The Police Riot at OccupyCAL

Against the Current, No. 156, January/February 2012

Rob Peters-Slaughter

I REMEMBER AS if it were just yesterday. I was linked in arms, peacefully protesting in support and solidarity with the students of UC Berkeley and my friend Meleiza. What I would soon have to witness would leave me traumatized and utterly disgusted.

The first scene was that of an elderly couple in front of me who were also protesting peacefully. This couple would soon be shoved to the ground and left defenseless by the officers of the Alameda County Sheriffs Department.

Feeling the pulls and tugs from my comrades, I witnessed men and women being beaten with batons. I still hear the aches, groans and moans in my sleep. These people didn’t provoke the police and embodied the definition of peaceful.

As I looked to my left, I saw a police officer stab a young woman in the stomach with his baton more than five times. The young woman released her grips from the students next to her, cried in agony and passed out. From this moment on, I knew we students were in a battle for our lives. Students were stabbed in their stomachs and their private regions and the women were violently pulled by their hair. It felt like a war of colonization and we, being the “natives,” were being eradicated.

I felt an officer grab my neck collar and rip me out of the crowd. He sent me swirling in the midst of the violence and into another officer. This officer grabbed me and started to forcefully squeeze the life out of me. This officer then tried to pick me up and the next thing I knew I was on the ground being handcuffed.

Soon after being handcuffed, I remember looking to my right and I saw five or six officers starting to kick and beat me. The officer on my left side started to stab me in the ribs with his baton. After this, another officer got on top of my back and stuck his knee into my neck and began to strangle and shake me.

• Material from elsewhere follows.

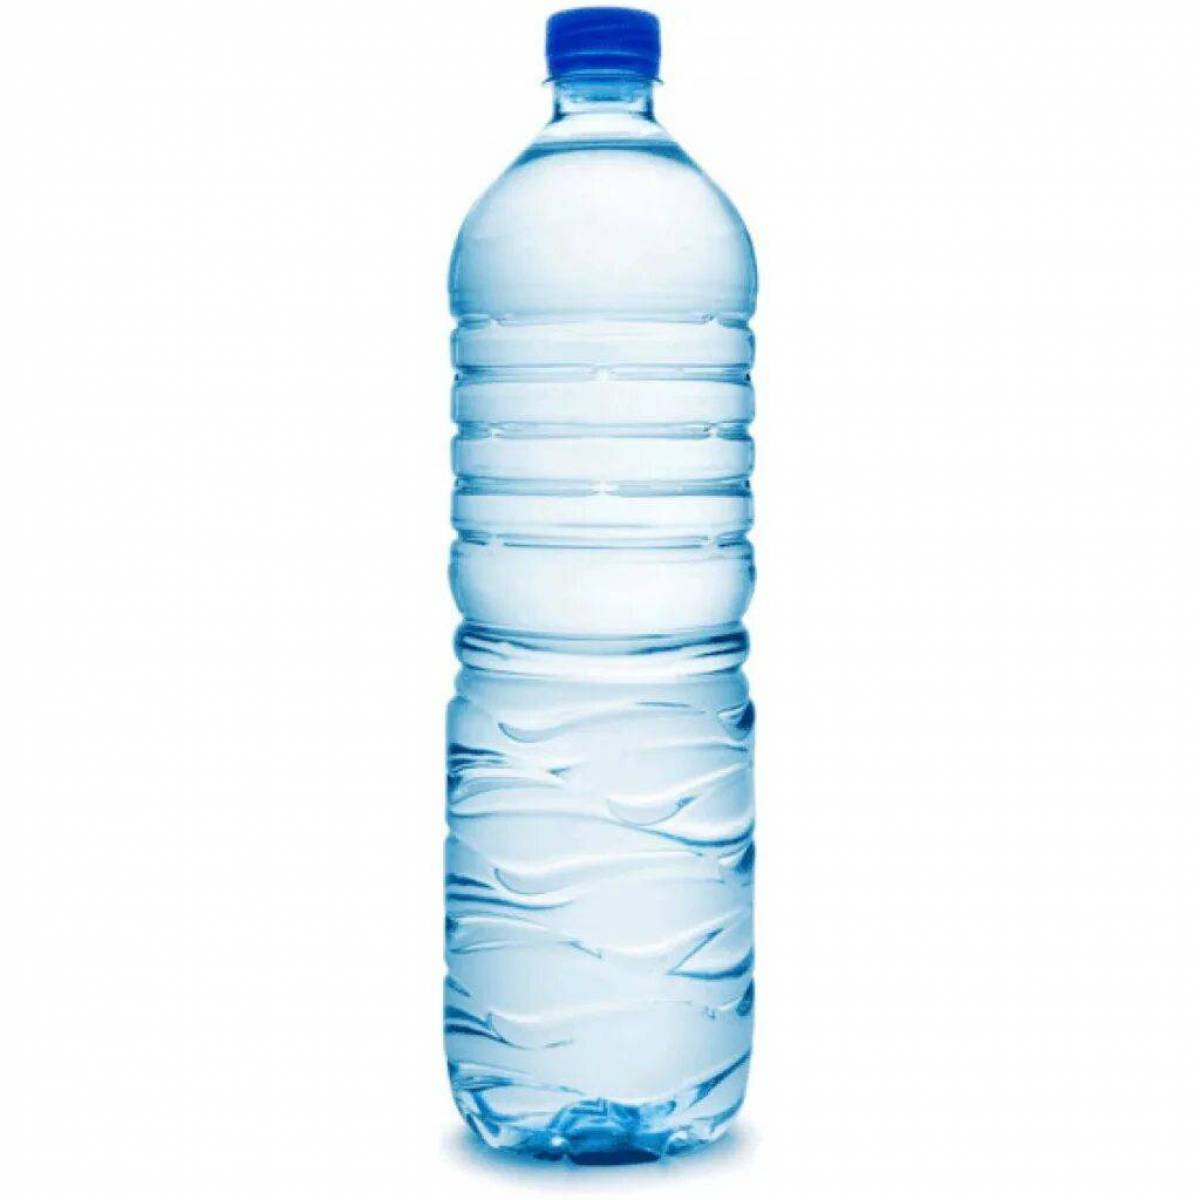 19 2 литр. Бутылка для воды. Пластиковая бутылка для воды. Бутылка для воды 1 литр. Бутылка для воды 1.5 литра.

I lay on the ground defenseless and unable to move or to defend myself. Following this unforgettable experience, I have no respect or trust in law enforcement and I view them as a complete enemy of myself and people of color.

I remember Santa Rita County Jail, where we were stripped searched, fully naked in a room with other inmates, ordered to show our private areas and open our mouths. One inmate who failed to perform the strip search correctly was yelled at by the officer. The officer told the inmate to pull up his pants and put back on his clothes. The officer then began to say how he wasn’t a faggot, gay, and didn’t want to stare at men’s asses all day.

This experience by itself left me traumatized as my rights as a human being were utterly violated and thrown out the window. This is just a glimpse into what fully took place.

I doubt parents send their children to institutions of higher learning to receive brutal beatings by local law enforcement — to attend a college where the administration supports the police in the violent beating of students, truly the definition of unprofessionalism and dehumanization.

I think the idea of the American dream along with our constitutional rights have been laid to rest, and the future being prepared for us is a negative utopia, in which we are just pieces in the operation of this machine.